Александр Воронский - Один оглушительный аплодисмент
— До него и после него, — в таких кратких, простых и полных значения словах надлежит выразиться по поводу несравненной и потрясающей деятельности тов. Микешина.
Достаточно сказать, что его учреждение стало недосягаемым образцом для иных прочих учреждений. «Равняйтесь по Тромбону тов. Микешина», «Даешь выработку Тромбона», «Учитесь у Тромбона» — так писали газеты.
До него в Тромбоне была чехарда, бестолочь.
После него и при нем — железный порядок. Служащие перестали слоняться по коридорам, рассказывать друг другу юдофобские анекдоты. Теперь они вдохновенно сидели за столами и даже не требовали сверхурочных за время, проведенное в курительных, в уборных и в иных злачных местах.
До тов. Микешина был неуемный бюрократизм.
После него никакого бюрократизма не было.
До него были растратчики.
После него растратчиков не было.
До него были раздутые штаты.
После него штатов не было.
Тов. Микешин утвердил смычку между городом и деревней.

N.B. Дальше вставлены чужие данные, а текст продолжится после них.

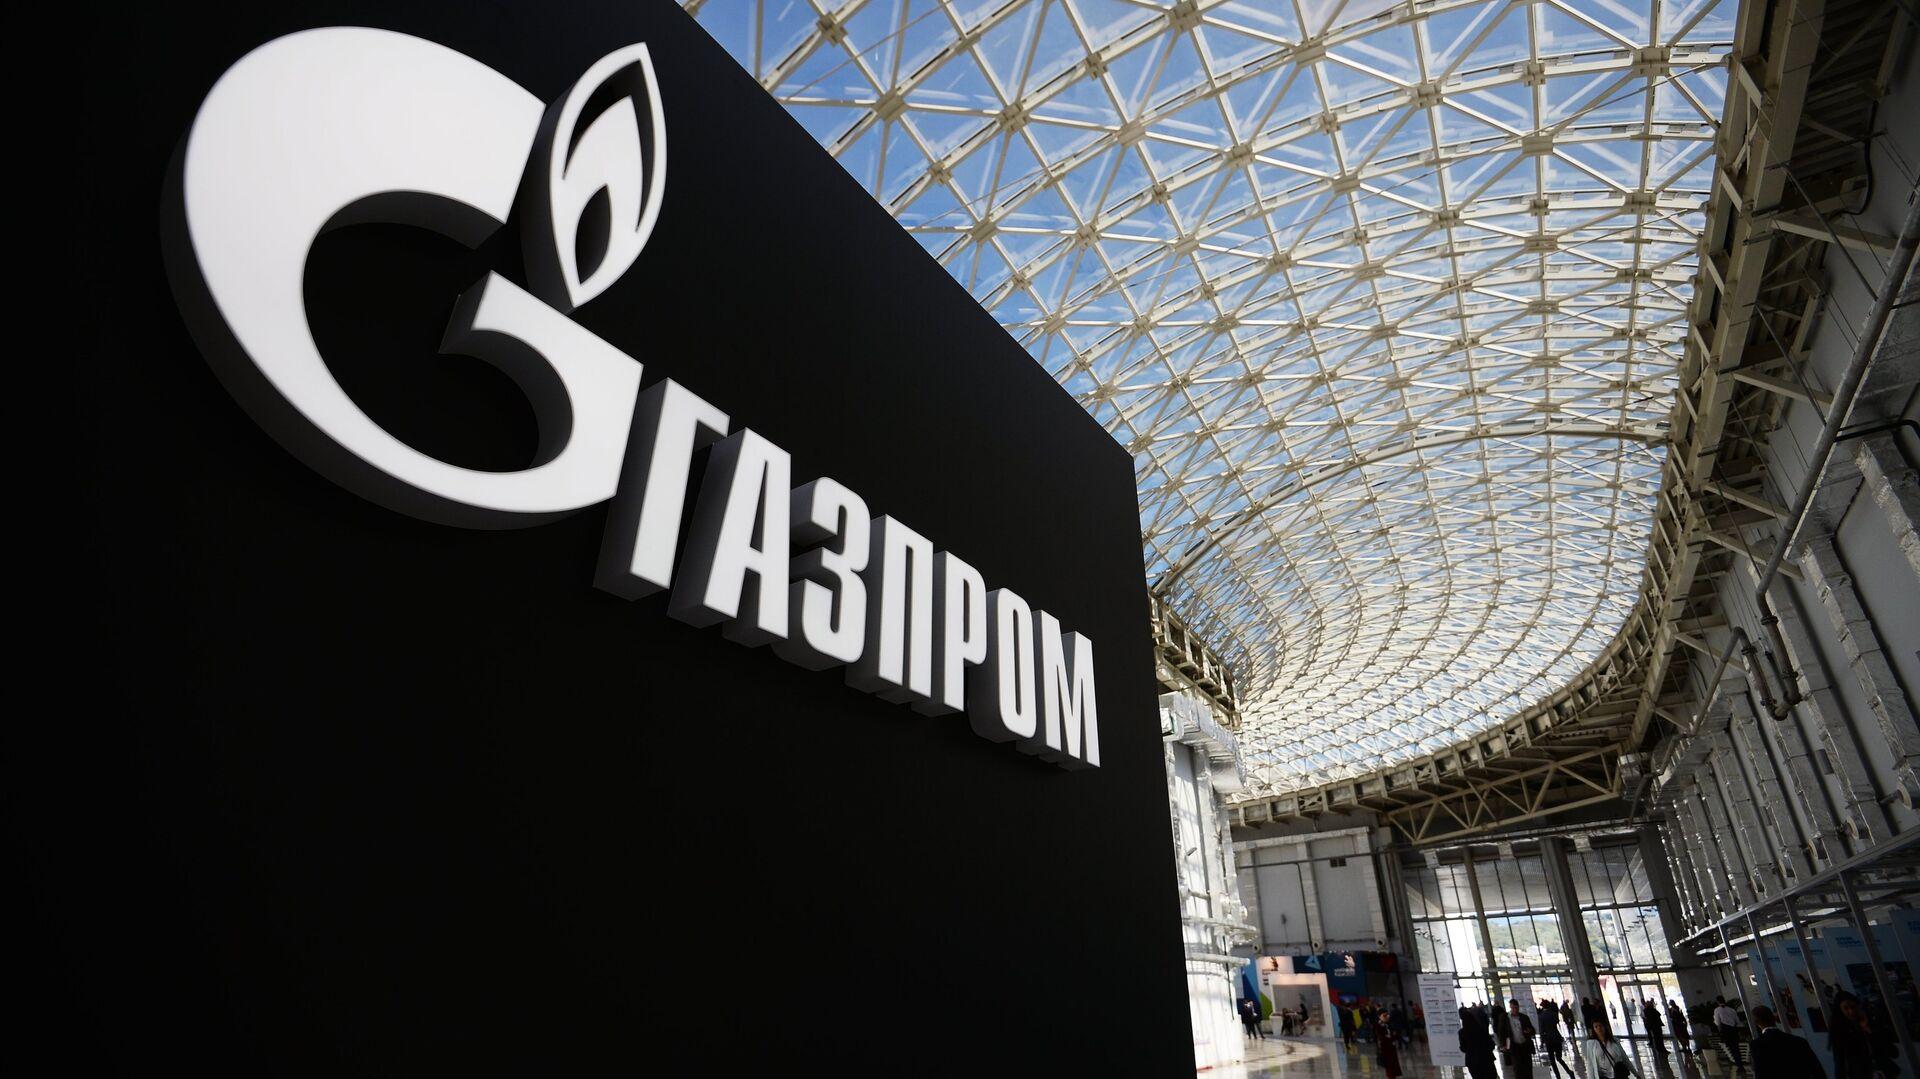 Logo de la compañía rusa Gazprom - Sputnik Mundo, 1920, 08.03.2021

Во главе с самоотверженными работниками учреждения он совершил несколько наездов в соседнюю Грязновскую волость. Он исправлял плуги, бороны, молотилки и сеялки; управлял трактором, он лечил коров, лошадей, кур, кошек, овец, мужиков и баб, он электрифицировал, инструктировал, конструировал, кооперировал, музицировал, драматизировал, и когда провожали его крестьяне домой, — это был не отъезд, а триумфальное победное возвращение с поля культурной брани. Девяностолетний слепой старик Памфил шел впереди всех, плакал, даже почти рыдал и, почти рыдая, он говорил:
— Спасибочка, спасибочка вам, тов. Микешин. Вы разогнали тьму, и вот теперь мы прозрели. Да здравствует Тромбон!
Раздался один оглушительный аплодисмент.
Нет, не в силах я изобразить и живописать блистательную деятельность тов. Микешина в Тромбоне. Предоставлю лучше слово нашему кривобокому беспартийному с пышнейшим галстухом, произнесшему вполне яркую речь в день торжественного юбилейного заседания, посвященного несравненной деятельности тов. Микешина.
— Тов. Микешин, — говорил кривобокий беспартийный, держась крепко-на-крепко обеими руками за галстух, как за якорь спасения, — вы возродили нас, вы вдунули в нас такой дикий энтузиазм, что мы не знаем даже, что нам с ним делать. Да, нам делать нечего, ибо все совершенно вами сверх нормы, свыше всяких смет и предположений. Воистину нам некуда больше спешить и надлежит лишь безвозбранно с вашего разрешения наслаждаться и, так сказать, пожинать.
Я кончил.
Раздался один оглушительный аплодисмент. Грянул Интернационал. Было слышно, как на улице шли мерной поступью железные батальоны рабочих.
* * *
Тут я, собственно говоря, должен кончить свой выдержанный рассказ. Интернационалом, как известно, кончаются не только собрания, съезды, конференции, но и лучшие повести, но и рассказы, но и романы. Это уж так заведено: раз конец, значит Интернационал и мерная поступь. Но дело осложняется тем, что на сей раз рассказ имел, к сожалению, продолжение, и я обязан поведать о нем читателю, поведать с некоторым прискорбием, ибо последующие за написанием рассказа события, происшедшие с автором, оказались далеко невеселыми и не оправдали роскошных его надежд на торжественные в пользу его приветственные шествия. Да, не весело мне, товарищи, было, но скрыть правды не могу.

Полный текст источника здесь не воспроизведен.